As you can see this was fairly straight forward. The next few items aren't necessarily order dependent, but it's just how I chose to implement things.

In Vulkan it's your responsibility to properly synchronize access to resources. ( This can sound scary if you're a beginner, but don't worry. I'll dispel the fog for you ) The primary thing you synchronize access to are the images you're rendering to and the images you are presenting. There are many means of synchronization in Vulkan, but for this task we'll use semaphores ( VkSemaphore ).

/*
=============
CreateSemaphores
=============
*/
static void CreateSemaphores() {
	VkSemaphoreCreateInfo semaphoreCreateInfo = {};
	semaphoreCreateInfo.sType = VK_STRUCTURE_TYPE_SEMAPHORE_CREATE_INFO;

	for ( int i = 0; i < NUM_FRAME_DATA; ++i ) {
		ID_VK_CHECK( vkCreateSemaphore( vkcontext.device, &semaphoreCreateInfo, NULL, &vkcontext.acquireSemaphores[ i ] ) );
		ID_VK_CHECK( vkCreateSemaphore( vkcontext.device, &semaphoreCreateInfo, NULL, &vkcontext.renderCompleteSemaphores[ i ] ) );
	}
}

Well that was simple! Notice I'm creating semaphores for NUM_FRAME_DATA. This is because in VkNeo I double buffer my frame data. Those familiar with double buffering get it. But if you're a beginner all it means is while you're showing one image, you're building the next one. Then when you're done working on one image you display it and use the previous one to begin the next frame.

You know what. Enough talk. Time for a video intermission.

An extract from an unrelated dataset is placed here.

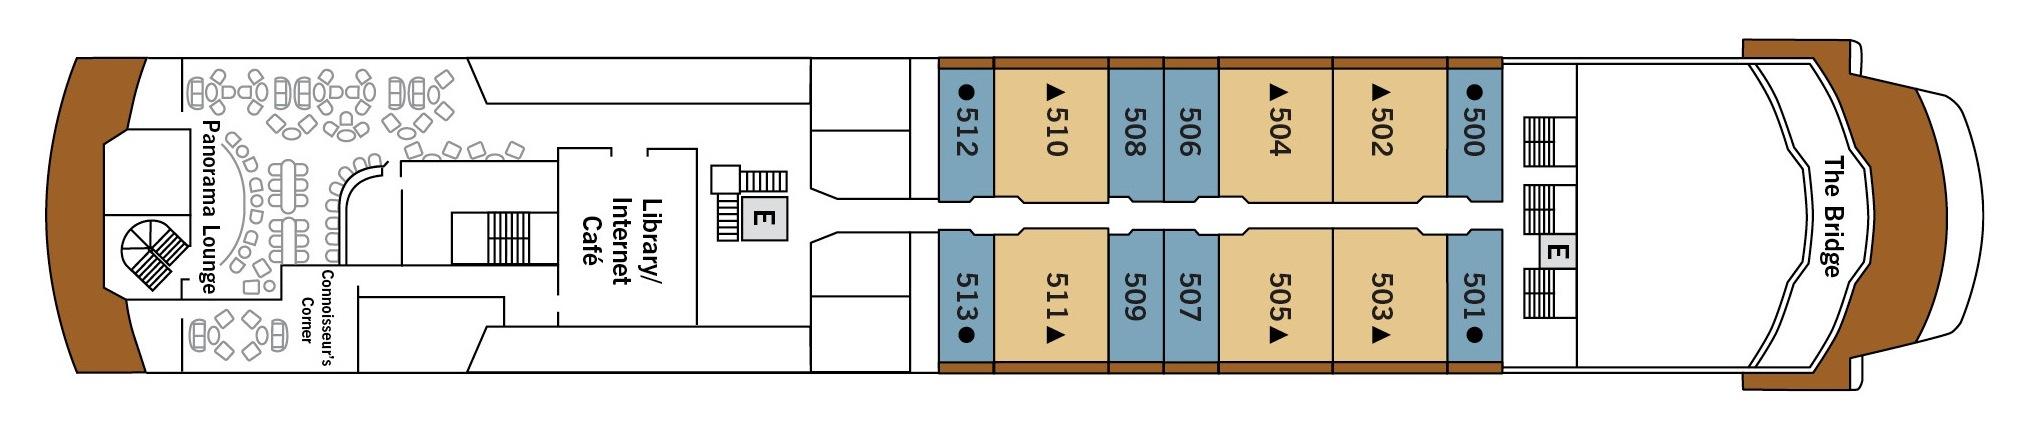 Silversea Cruises Silver Explorer Deck Plans Deck 5.jpg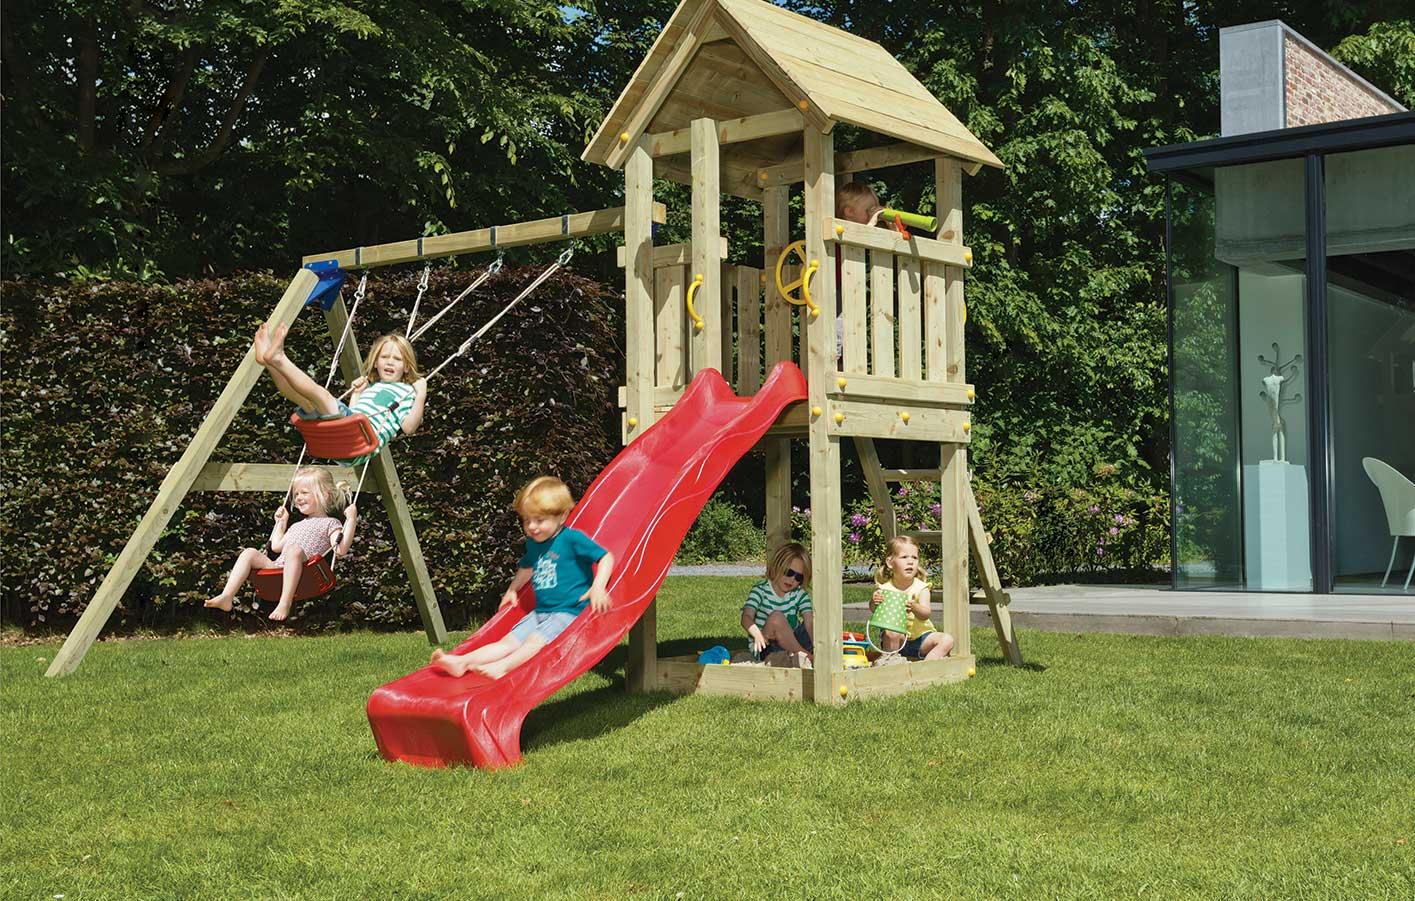 Klettergerüst Outdoor Holz : Spielgeräte spielturm holzschaukel ingolstadt altmühltal eichstätt

Now let's move on with command buffers. Command buffers are your way of instructing the GPU. A lot of the "active" Vulkan API takes a command buffer as an argument. Think of it like a server taking your order at a restaurant. They write down your intent and expected outcome, and then take that back to the kitchen ( the GPU ). The kitchen then translates your order into specific instructions it needs to perform in order to produce the outcome you expect when your food is finally delivered.

/*
=============
CreateCommandPool
=============
*/
static void CreateCommandPool() {
	// Because command buffers can be very flexible, we don't want to be 
	// doing a lot of allocation while we're trying to render.
	// For this reason we create a pool to hold allocated command buffers.
	VkCommandPoolCreateInfo commandPoolCreateInfo = {};
	commandPoolCreateInfo.sType = VK_STRUCTURE_TYPE_COMMAND_POOL_CREATE_INFO;
	
	// This allows the command buffer to be implicitly reset when vkBeginCommandBuffer is called.
	// You can also explicitly call vkResetCommandBuffer.  
	commandPoolCreateInfo.flags = VK_COMMAND_POOL_CREATE_RESET_COMMAND_BUFFER_BIT;
	
	// We'll be building command buffers to send to the graphics queue
	commandPoolCreateInfo.queueFamilyIndex = vkcontext.graphicsFamilyIdx;

	ID_VK_CHECK( vkCreateCommandPool( vkcontext.device, &commandPoolCreateInfo, NULL, &vkcontext.commandPool ) );
}

/*
=============
CreateCommandBuffer
=============
*/
static void CreateCommandBuffer() {
	VkCommandBufferAllocateInfo commandBufferAllocateInfo = {};
	commandBufferAllocateInfo.sType = VK_STRUCTURE_TYPE_COMMAND_BUFFER_ALLOCATE_INFO;
	
	// Don't worry about this
	commandBufferAllocateInfo.level = VK_COMMAND_BUFFER_LEVEL_PRIMARY;
	
	// The command pool we created above
	commandBufferAllocateInfo.commandPool = vkcontext.commandPool;
	
	// We'll have two command buffers.  One will be in flight
	// while the other is being built.
	commandBufferAllocateInfo.commandBufferCount = NUM_FRAME_DATA;

	// You can allocate multiple command buffers at once.
	ID_VK_CHECK( vkAllocateCommandBuffers( vkcontext.device, &commandBufferAllocateInfo, vkcontext.commandBuffer.Ptr() ) );

	// We create fences that we can use to wait for a 
	// given command buffer to be done on the GPU.
	VkFenceCreateInfo fenceCreateInfo = {};
	fenceCreateInfo.sType = VK_STRUCTURE_TYPE_FENCE_CREATE_INFO;

	for ( int i = 0; i < NUM_FRAME_DATA; ++i ) {
		ID_VK_CHECK( vkCreateFence( vkcontext.device, &fenceCreateInfo, NULL, &vkcontext.commandBufferFences[ i ] ) );
	}
}

Notice the addition of a new synchronization primitive? This time it's a fence. I use these to wait until a previous command buffer is done.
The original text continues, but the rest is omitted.